As I continue to work through the loss of my dear friend and so many others in the MBC Community, I discovered with Alyson’s able assistance that the grief we carry inside the MBC Community as we lose so many every single day is affecting all of us. And so, we set up a Facebook Group to help everyone process their grief, which we called MBC Grieving Together. As a result of the discussions in that Facebook group, we discovered that there are so many grief and end of life concerns within the MBC Community that are not being addressed. The pandemic has definitely made dealing with grief more difficult with the prohibitions on gathering in person; however, the silver lining of the pandemic is that so much of the grieving process has shifted to virtual options since the “traditional” grief rituals of grieving together in person have become less and less available. Those of us who know the people we lose mainly or only in the virtual space have oddly benefitted as a result of the different world we live in.

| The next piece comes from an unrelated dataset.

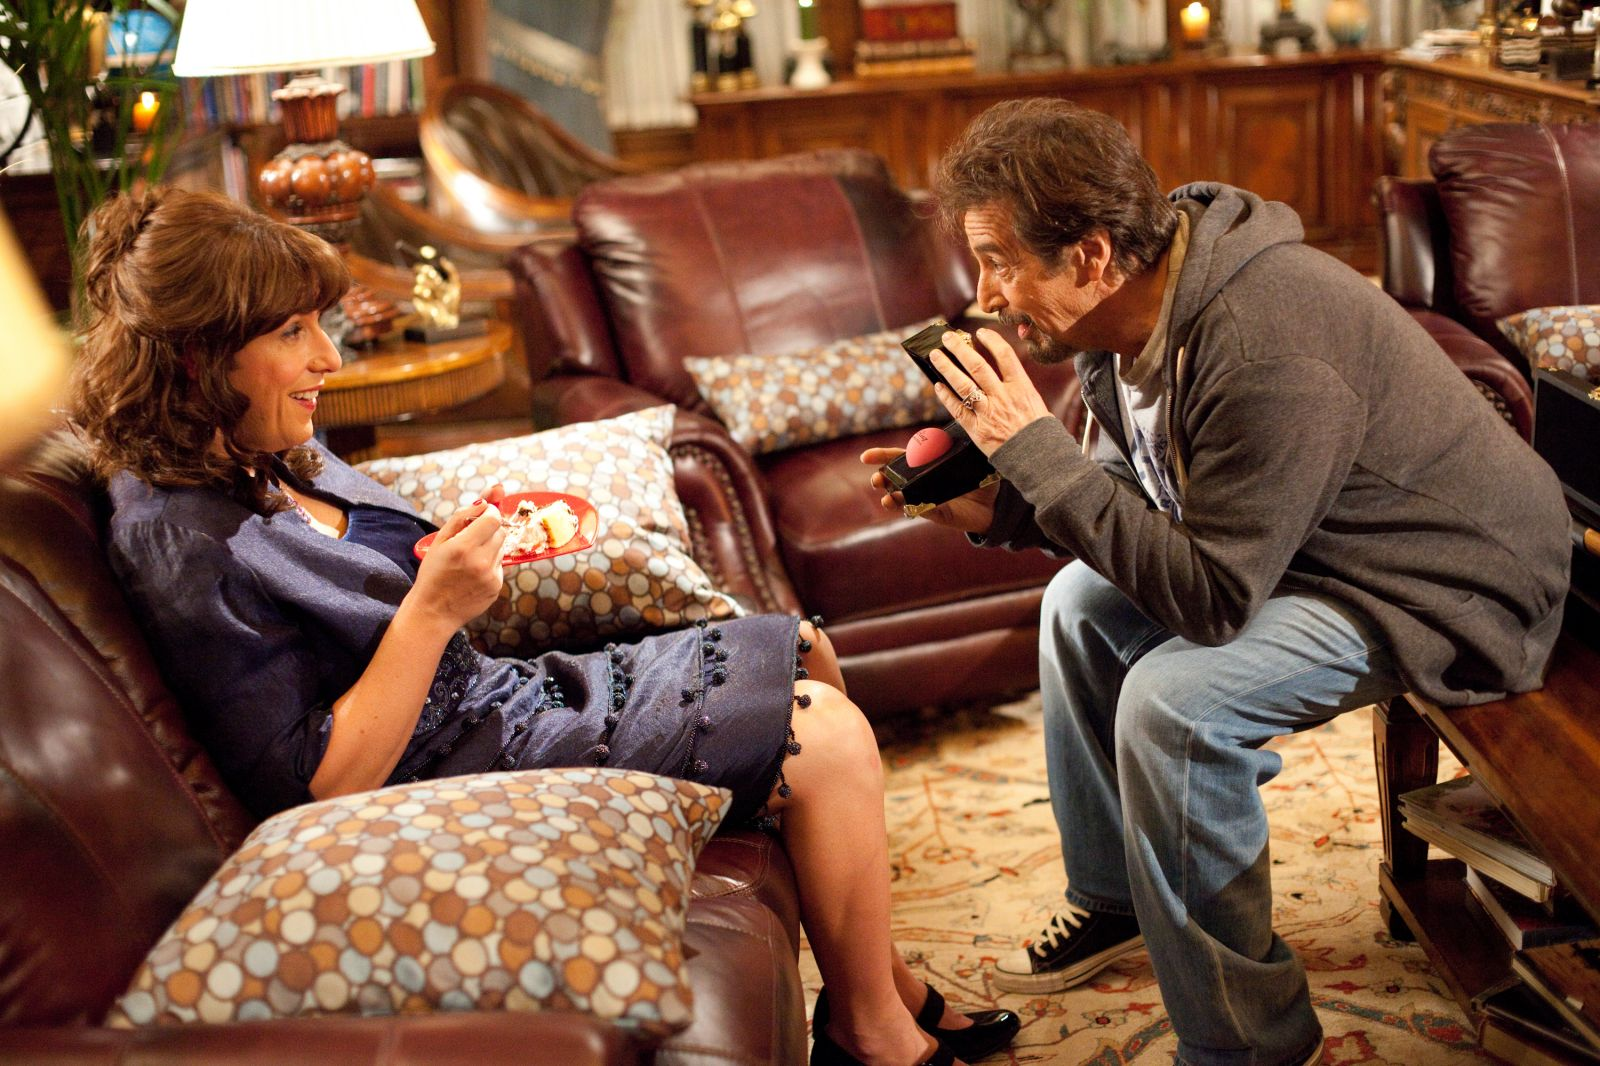 Al Pacino Pokes Fun At Himself In Jack And Jill Movie

And then Alyson died in March of 2021. She called me while I was in Key West on Spring Break with my boys and my husband to tell me that treatment was not working, that she was discontinuing any ongoing treatment, and that she wanted to say goodbye. That was our last conversation, which caught me completely off guard, and she died a few days later.
With over 114-116 people dying every day in the US of Stage IV Metastatic Breast Cancer (MBC), it is not surprising that those of us who are more engaged in the community will then know one or more of those people. What has made these deaths even more difficult in 2020 and 2021 is that the opportunities to have seen our dear friends in person has likely disappeared due to COVID.
For me, the last time I saw Alyson outside of zoom meetings was in December of 2019 at the San Antonio Breast Cancer Symposium (SABCS) and any option to have seen her in 2020 and 2021 before her death was canceled. The grief I felt at having lost the opportunity to have given her one more hug just increases the grief at the loss of her amazingness in the world.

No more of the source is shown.